Bloggin' On: Odds and Ends ( On Writing and Other Things, or: I Joined NaNoWriMo!)

Image Courtesy of NaNoWriMo


Greetings! Welcome to another edition of A Certain Point of View, the blog that I started almost nine years ago. This is the 1,213th post overall and the 395th for 2019. Back in January, I resolved that I'd have at least 365 posts written and posted by December 31; now it looks like I'll end the year with a minimum of 400 posts, perhaps even 430, if I don't slack off for the rest of November and write at least one post a day in December.

Anyway, it's Friday, November 22, and it looks like it's going to be a cool autumn day here in my corner of Florida. According to my Weather app, it's 70℉ (21℃) outside under sunny skies; the forecast high is expected to reach 77℉ (25℃), with some cloud cover moving in later this afternoon.

Today is also the 56th anniversary of President Kennedy's assassination in Dallas, Texas, by Lee Harvey Oswald. I was only eight months old at the time so, naturally, I don't have any recollection of that, but Mom used to tell me that we were in Bogota, Colombia at the time (my first overseas trip) on that day; Mom had taken me there so that most of my relatives who lived in Colombia could see her new baby. She remembered that my father, a pilot who flew freight planes from Miami International Airport, made a long-distance call from Miami to my grandparents' house and told Mom to catch the next flight back because he didn't know what would happen after the President's murder.

So, even though I was too young to even be aware of JFK and his death at the time, I've had a fascination with the events of November 22, 1963 ever since I was five or six years old. I've read two fine non-fiction books about it; The Day Kennedy Was Shot by Jim Bishop and Death of a President by William Manchester, plus Stephen King's time travel novel 11/22/63, which is easily my favorite book by the Master of Horror, followed perhaps by his memoir On Writing: A Memoir of the Craft and 'Salem's Lot. 

Anyway, I'm thinking about taking the #NaNoWriMo challenge next year. NaNoWriMo stands for National Novel Writing Month, an annual event sponsored by NaNoWriMo.org, a group dedicated to promoting writing fluency and education.

Per its About Us page:

NaNoWriMo is a nonprofit organization that supports writing fluency and education. But it's also a social network for writers like LinkedIn is for job professionals, or DeviantArt is for artists, or Facebook is for moms whose kids accept their friend requests only to provide them with "limited profile" access. It tracks words for writers like Fitbit tracks steps for the ambulatory. It's a real-world event, during which 900+ volunteers in places like Mexico City, Seoul, and Milwaukee coordinate communal writing sessions in thousands of partnering libraries, coffee shops, and community centers like… well, like nothing else.

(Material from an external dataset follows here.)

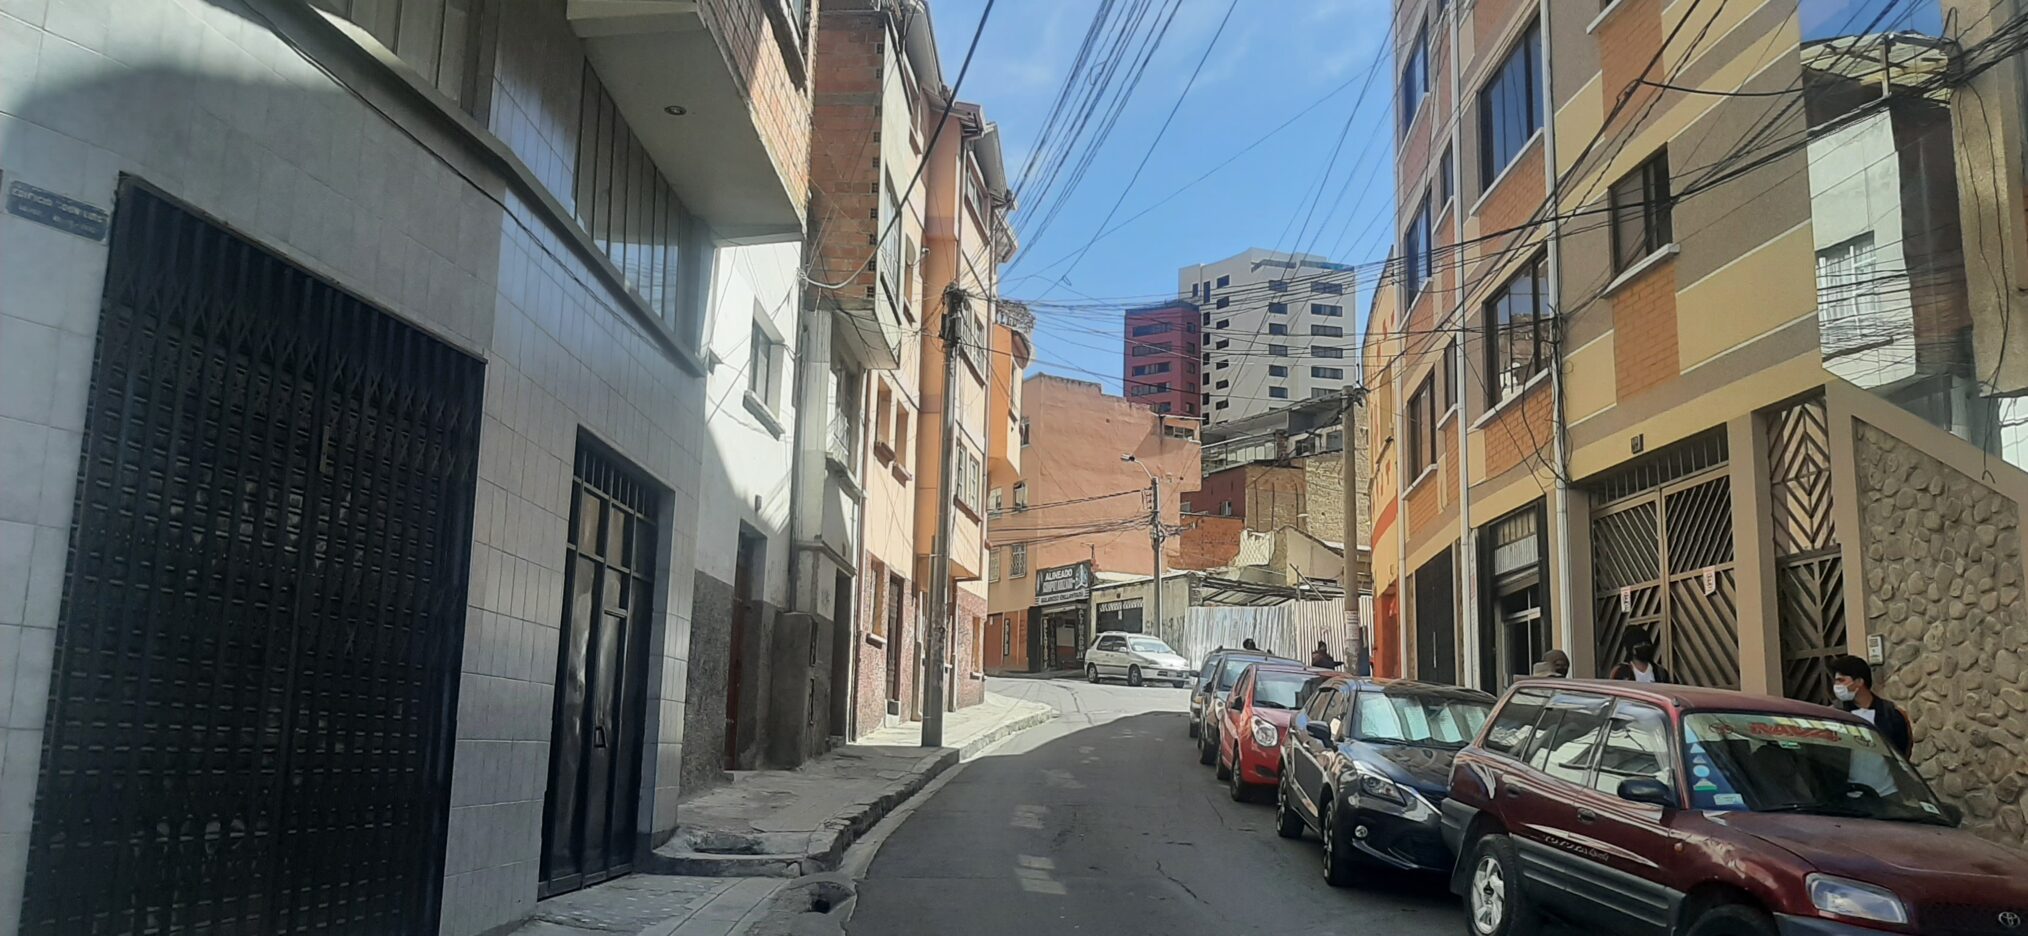 Una calle promedio de casas y residencial de San Pedro

It's internet-famous. It's a community-powered fandom (before there was the Beyhive, or Nerdfighters, there were Wrimos). It's a start-up incubator for novels (books like Water for Elephants, Fangirl, and WOOL began as rough drafts in November!). It's a teaching tool, it's a curriculum, and its programs run year-round.


NaNoWriMo is an online contest/challenge in which participants attempt to write either a complete 50,000-word manuscript for a novel in 30 days or the first 50,000 words of a larger novel. It does not have to be an edited and ready-to-publish manuscript, nor does it have to be necessarily good. But if you take the NaNoWriMo challenge, there are a few rules that you must follow if you sign up (literally and figuratively) for it.

Now, if you sign up as a member with the organization (it's free, in case you're wondering), you can work on writing projects outside the NaNoWriMo November challenge at any time. However, for the big event itself, the rule is clear.

Per the NaNoWriMo The Basics page (which is their Frequently Asked Questions page, essentially):

You can sign up at any time, year-round. To participate during National Novel Writing Month, which takes place every November, just click on the “Sign Up” button on the homepage.

You can announce your National Novel Writing Month novel usually beginning sometime in September, and start writing at the stroke of midnight on November 1.

Obviously, with only eight days left in November, and having missed the November 1 start-date deadline, I can't just jump in and join the 2019 NaNoWriMo challenge.  And even if it were November 1 rather than November 22, I don't have anything concrete in mind to write about.

However, I signed up with the site (Did I mention it's free?), so if all goes according to plan, I'll do it next year.

Maybe this will help me regain my creative writing mojo. I certainly hope so, for what it's worth.